A votação do projeto aconteceu durante sessão ordinária realizada nessa quarta-feira (5), após um pedido de vista adiar a apreciação na sessão anterior. Um texto substitutivo apresentado pelo deputado Lúdio Cabral (PT) foi analisado e não aprovado pela Comissão de Saúde. Conforme a modificação, a decisão pela implantação ou não do controle sanitário ficaria a cargo da autoridade sanitária da Secretaria de Estado de Saúde.

Com essa negativa, o texto apreciado na votação foi o de autoria de Gilberto Cattani (PSL) em parceria com Ulysses Morais (PSL), Faissal (PV), Janaina Riva (MDB), delegado Claudinei (PSL) e Xuxu Dal Molin (PSC). A proposta frisa que não há contrariedade com relação à vacina, mas sim à sua obrigatoriedade e condicionamento para usufruto de demais direitos.

Esse é o segundo texto apreciado na Casa de Leis sobre o tema. O primeiro foi apresentado pela deputada Janaina, também foi aprovado em primeira votação, mas foi alterado pela Comissão de Saúde. O texto antigo foi arquivado para que esse novo fosse apresentado.

Discussão

Durante a discussão do projeto, o Lúdio voltou a defender que a decisão de implantação ou não do passaporte sanitário não cabe à Assembleia, mas sim ao governo do Estado. O médico sanitarista argumentou que tomou como base o Código de Saúde de Mato Grosso.

O deputado alegou ainda que o Estado tem a maior taxa de mortalidade do país por covid-19. Esse cenário, disse o parlamentar, é resultado de um postura negacionista tanto das instituições públicas e como também de parte da população.

“A Assembleia infelizmente aprovará uma lei inócua, porque pretende proibir aquilo que não existe, aquilo que não existirá, exatamente em função do comportamento que as autoridades sanitárias em Mato Grosso sempre adotaram. Agora, temos que respeitar a nossa legislação e cabe à Assembleia o dever de respeito à legislação, aqui falo do Código de Saúde do Estado”, reforçou.

O autor do projeto que proíbe a cobrança do passaporte sanitário, Cattani, negou que tenha uma postura de negar a doença virulenta que casou a pandemia.

“Somos chamados de negacionistas, mas mesmo assim eu me orgulho de ser chamado de negacionista vindo de onde vem o chamamento, porque a nossa bancada dos negacionistas não é a bancada do mensalão, do petrolão, não defende ditaduras, não é a bancada do aborto. É a bancada da família, da pátria, da liberdade”, rebateu.

Xuxu Dal Molin (PSC) e delegado Sérgio (PSL) também reforçaram o discurso contra o passaporte. Xuxu lembrou que se vacinou, mas defendeu que negacionistas são aqueles que ignoram as mortes que têm acontecido mesmo após as pessoas tomares duas doses das vacinas. Já o delegado avaliou que o Estado não deve interferir na liberdade dos cidadãos dessa forma. O parlamentar comparou a exigência do comprovante de vacina à carta de alforria dada aos escravos, após 1.888.

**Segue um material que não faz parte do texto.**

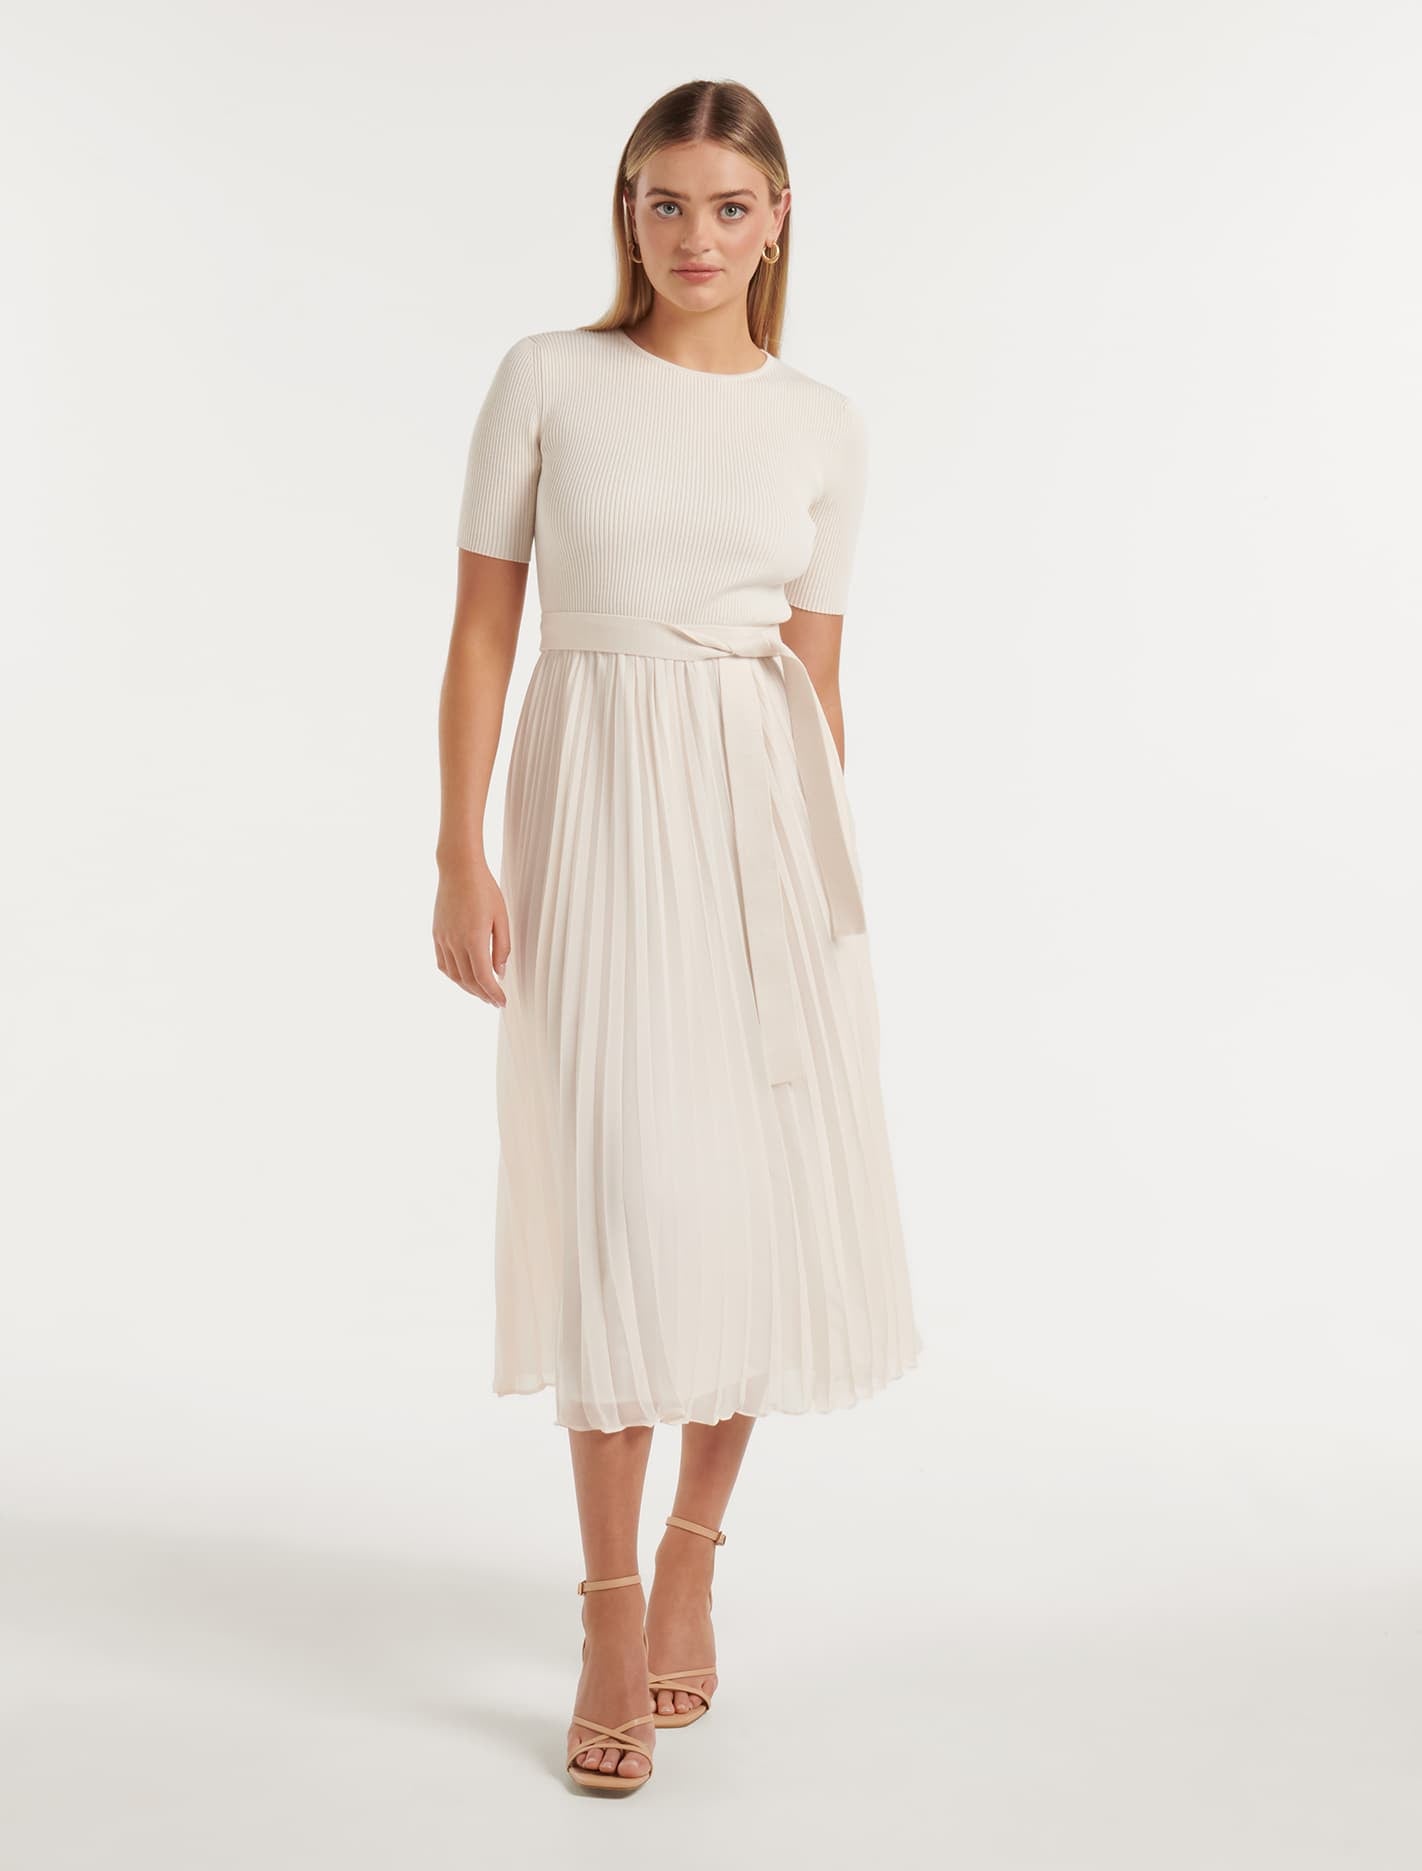 Penelope Half-Sleeve Knit Dress

O deputado petista Valdir Barranco alegou que não há urgência na matéria e pediu vista do projeto. Porém, a solicitação foi negada pelo presidente do Legislativo, Max Russi, com base no regimento interno da Casa de Leis.

“Foi concedido ontem (terça-feira) ao deputado Lúdio Cabral, então não terá a concessão da vista”, disse.

Votação

O projeto foi aprovado com votos contrários apenas dos deputados petistas Lúdio Cabral e Valdir Barranco.